I put myself on the list for the auto echo. I don't have a newer car so no fancy things in it. I am not even sure if I can use it. I don't have blutooth or a aux imput in my car.  I don't have a cassette player so can't use that workaround they suggest. I have a cd player, its all built in. I have seen those fm trasmitter/charger thingies that plug into the lighter and I think that might work. I'll have to ask my husband. 

I don't answer my phone when I drive. I never once have done that. My phone stays in my purse and I don't touch it until I get out. I cannot drive while talking, period. Just like I couldn't drive and listen to an audiobook. 

I am really intruiged with the Alexa DVR. Now thats a useful thing. If you want to cut the cord and have one of those HD antennas and a firetv, it would be great. Its always the local channels that are difficult to figure out with getting rid of cable.


----------



## Sandpiper (Oct 28, 2008)

My car is too old for all this tech stuff.  Has a tape deck slot in the dashboard?  Garage door opener fits perfectly in that.  '97 Honda Civic I got new.  I don't drive much.  App. 45,000 miles on it.  Works fine.


----------



## Atunah (Nov 20, 2008)

it says it works with a cassette adapter.


----------



## 1131 (Dec 18, 2008)

I have a 9 year old car. I put myself on the list but I'm not sure I can use it. If I get it and can't use it, I have someone I can give it to. For $25, I'll give it a try. For the full price, I wouldn't take the chance.


----------



## seadogg31 (Jan 9, 2009)

Look on the back of your car radio they put aux ports there for older cars for cd changers that Is where it is in my 07 Tacoma


----------



## seadogg31 (Jan 9, 2009)

Has anyone heard anything else on when this is going to be released?


----------



## Ann in Arlington (Oct 27, 2008)

I've seen promos for the car one on my Amazon page. Says you have to ask for an invite. I've not done so ... not sure if it gives more release info if you do.


----------



## Sandpiper (Oct 28, 2008)

How 'bout a small microwave that works with Alexa. It is small -- 700W / .7 cu ft. At first I was kinda intrigued. You still obviously have to go to it to put food in and take it out, so what's the point of voice control?


----------



## Ann in Arlington (Oct 27, 2008)

Sandpiper said:


> How 'bout a small microwave that works with Alexa. It is small -- 700W / .7 cu ft. At first I was kinda intrigued. You still obviously have to go to it to put food in and take it out, so what's the point of voice control?

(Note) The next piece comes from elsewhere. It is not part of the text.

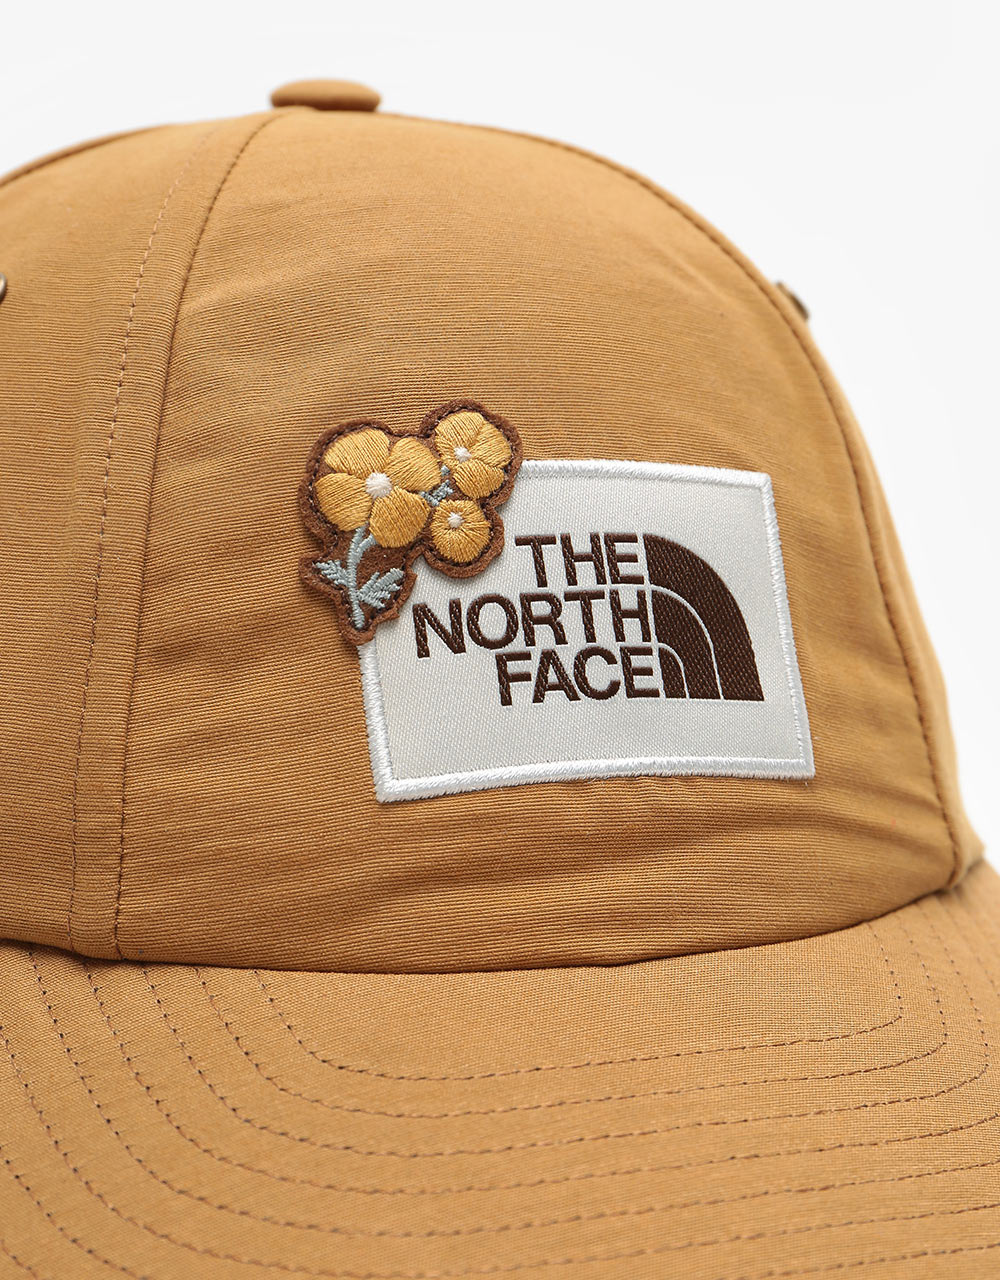 The North Face Berkeley 6 Panel Cap - Utility Brown

If, when the food is done, it signals your alexa to tell you that even if you're at the other end of the house, that could be useful. I wouldn't see a need to talk to it, but I know there are times I've put something in the microwave (or oven) and got distracted, and the built-in alarm did not go off loudly or long enough for me to hear it in another part of the house. with the MW, generally it just means my heated food has gone cold again. with an Oven it could mean that something is now kinda burnt.


----------



## Betsy the Quilter (Oct 27, 2008)

Ann in Arlington said:


> I've seen promos for the car one on my Amazon page. Says you have to ask for an invite. I've not done so ... not sure if it gives more release info if you do.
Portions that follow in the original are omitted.